Which returns an output similar to:

{
    "Policy": {
        "PolicyName": "VeleroAccessPolicy",
        "PolicyId": "ABCDEFGHIJKLMNOPQRST",
        "Arn": "arn:aws:iam::123456789012:policy/VeleroAccessPolicy",
        "Path": "/",
        "DefaultVersionId": "v1",
        "AttachmentCount": 0,
        "IsAttachable": true,
        "CreateDate": "2023-01-20T12:00:00Z",
        "UpdateDate": "2023-01-20T12:00:00Z"
    }
}

Once the IAM policy is created, copy the policy ARN and use it to attach it to the IAM role/user using the following command:

$ aws iam attach-role-policy --role-name <ROLE_NAME> --policy-arn <POLICY_ARN>

Quick note: Attaching the IAM policy to an IAM user or role is an important step as it grants the user or role the necessary permissions to perform actions on the AWS resources specified in the policy.
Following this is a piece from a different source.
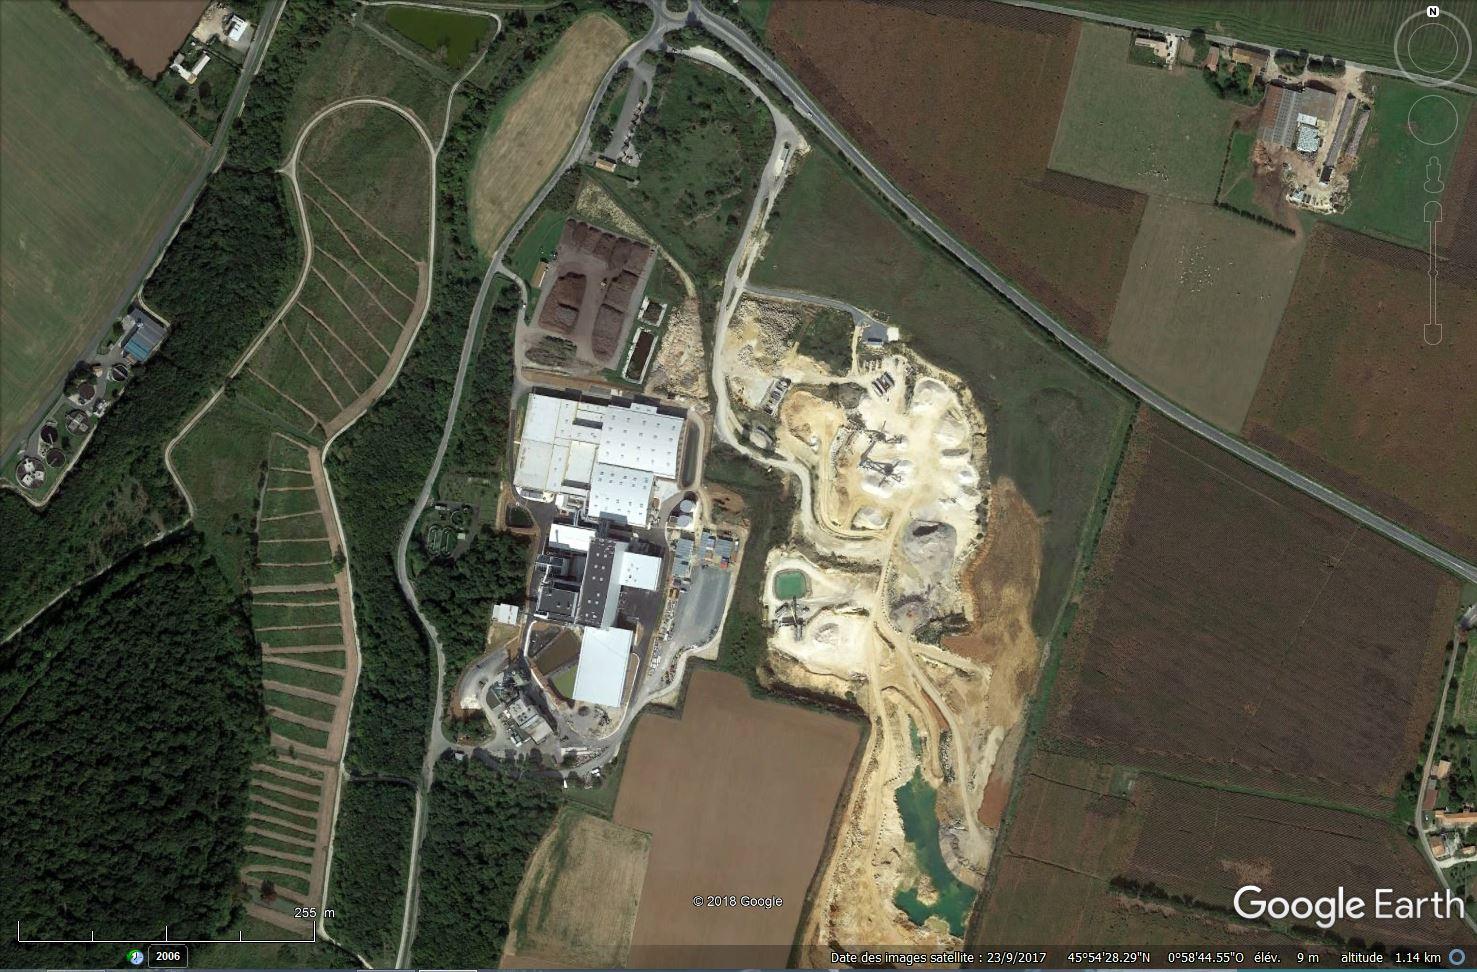 [Désormais visible sur Google Earth] - Unité multi-filières de valorisation des déchets, Echillais (17) Tsge_171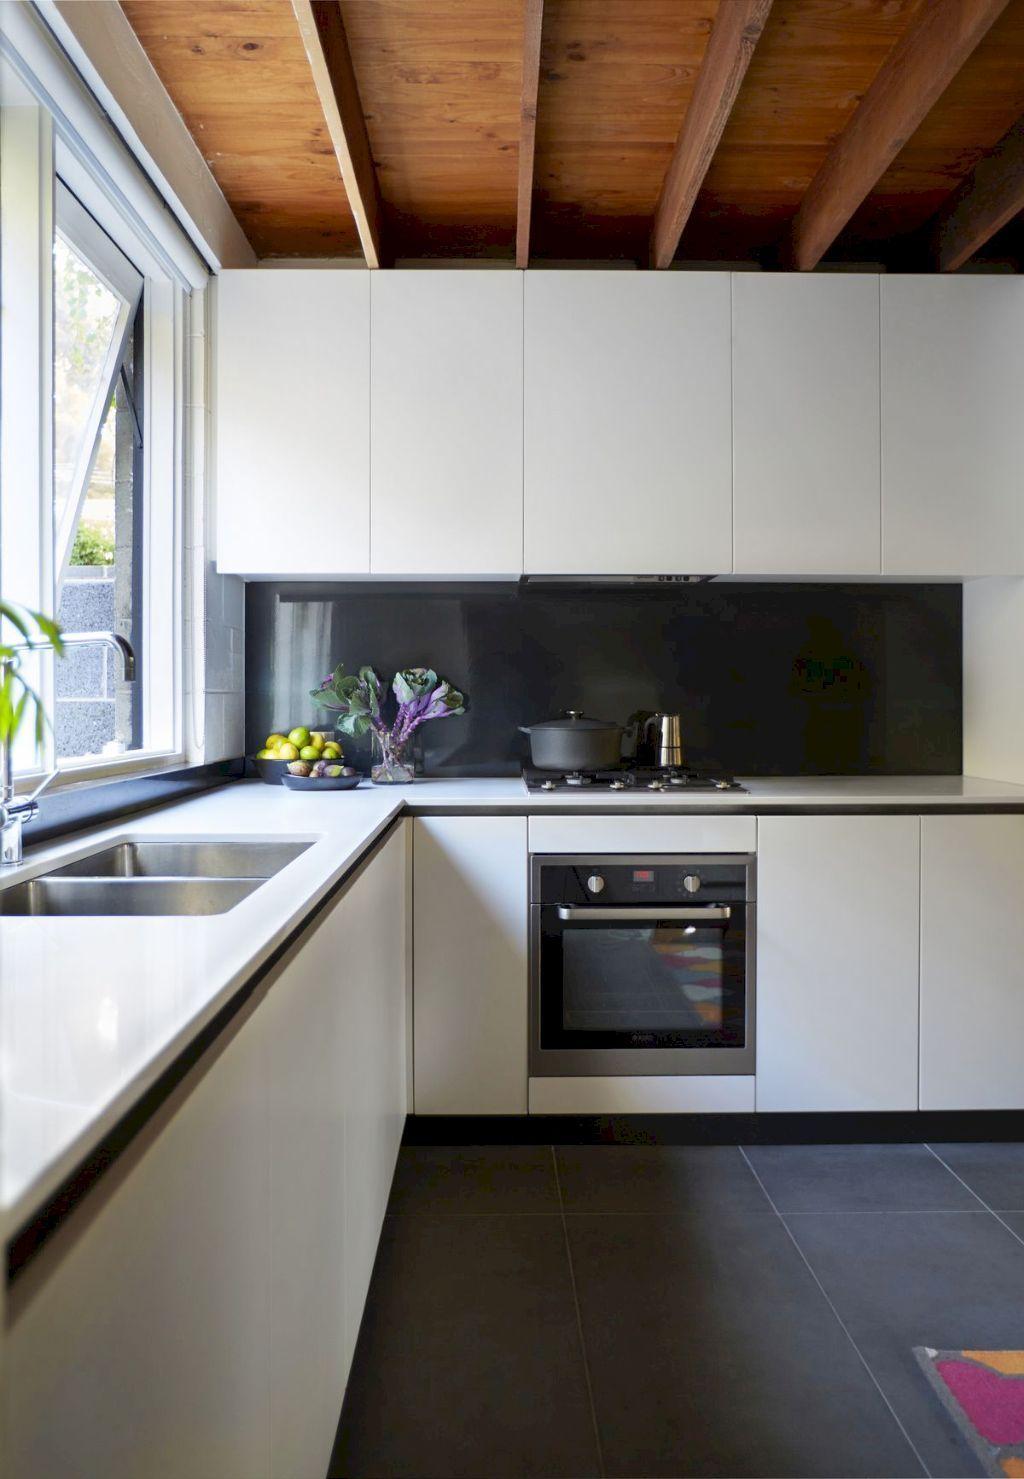 stunning minimalist kitchen decor and design ideas 43 decoration design minimaliste et on kitchen ideas minimalist id=80121

In the case of Velero, the policy grants permissions for actions such as creating and deleting snapshots and volumes, getting and putting objects in an S3 bucket, and passing a role. Without attaching the policy to an IAM user or role, the user or role would not have the necessary permissions to perform these actions and Velero would not be able to function properly.

2. Configuring Velero

Velero requires access to both the S3 bucket for storing backups and the EKS cluster for managing Kubernetes resources. In order to access these resources, Velero makes API requests using the IAM permissions that are granted to the Velero server service account.

That makes it necessary to use IAM roles for Velero service accounts to implement AWS policies that grant Velero the necessary permissions to access the S3 bucket and the EKS cluster.

In this section we will show you how to set up these Velero service accounts and install Velero on both the primary and recovery cluster.

Create service accounts for Velero

In this step we will create the required IAM role and enforce a trust relationship to the Velero service account using the eksctl tool.

Before creating the service account, create environment variables for the cluster names and account identities used in the demo.

PRIMARY_CLUSTER=primary
RECOVERY_CLUSTER=recovery
ACCOUNT=$(aws sts get-caller-identity --query Account --output text)

Once the environment variables are defined, create the IAM service account for the Velero server on the primary cluster by running the command below.

$ eksctl create iamserviceaccount --cluster=$PRIMARY_CLUSTER --name=velero-server --namespace=velero --role-name=eks-velero-backup --role-only --attach-policy-arn=arn:aws:iam::$ACCOUNT:policy/VeleroAccessPolicy --approve

In the above command:

--cluster=$PRIMARY_CLUSTER specifies the name of the EKS cluster that the service account will be associated with. The $PRIMARY_CLUSTER is the environment variable that you have set with the name of your primary cluster.
--name=velero-server specifies the name of the service account that will be created.
--namespace=velero specifies the namespace in which the service account will be created.
--role-name=eks-velero-backup specifies the name of the IAM role that will be associated with the service account.
--role-only is a flag that creates the IAM role but does not associate it with the service account.
--attach-policy-arn=arn:aws:iam::$ACCOUNT:policy/VeleroAccessPolicy specifies the ARN of the IAM policy that will be attached to the service account. The $ACCOUNT is the environment variable that you have set with the AWS account number.
--approve automatically approves the creation of the service account.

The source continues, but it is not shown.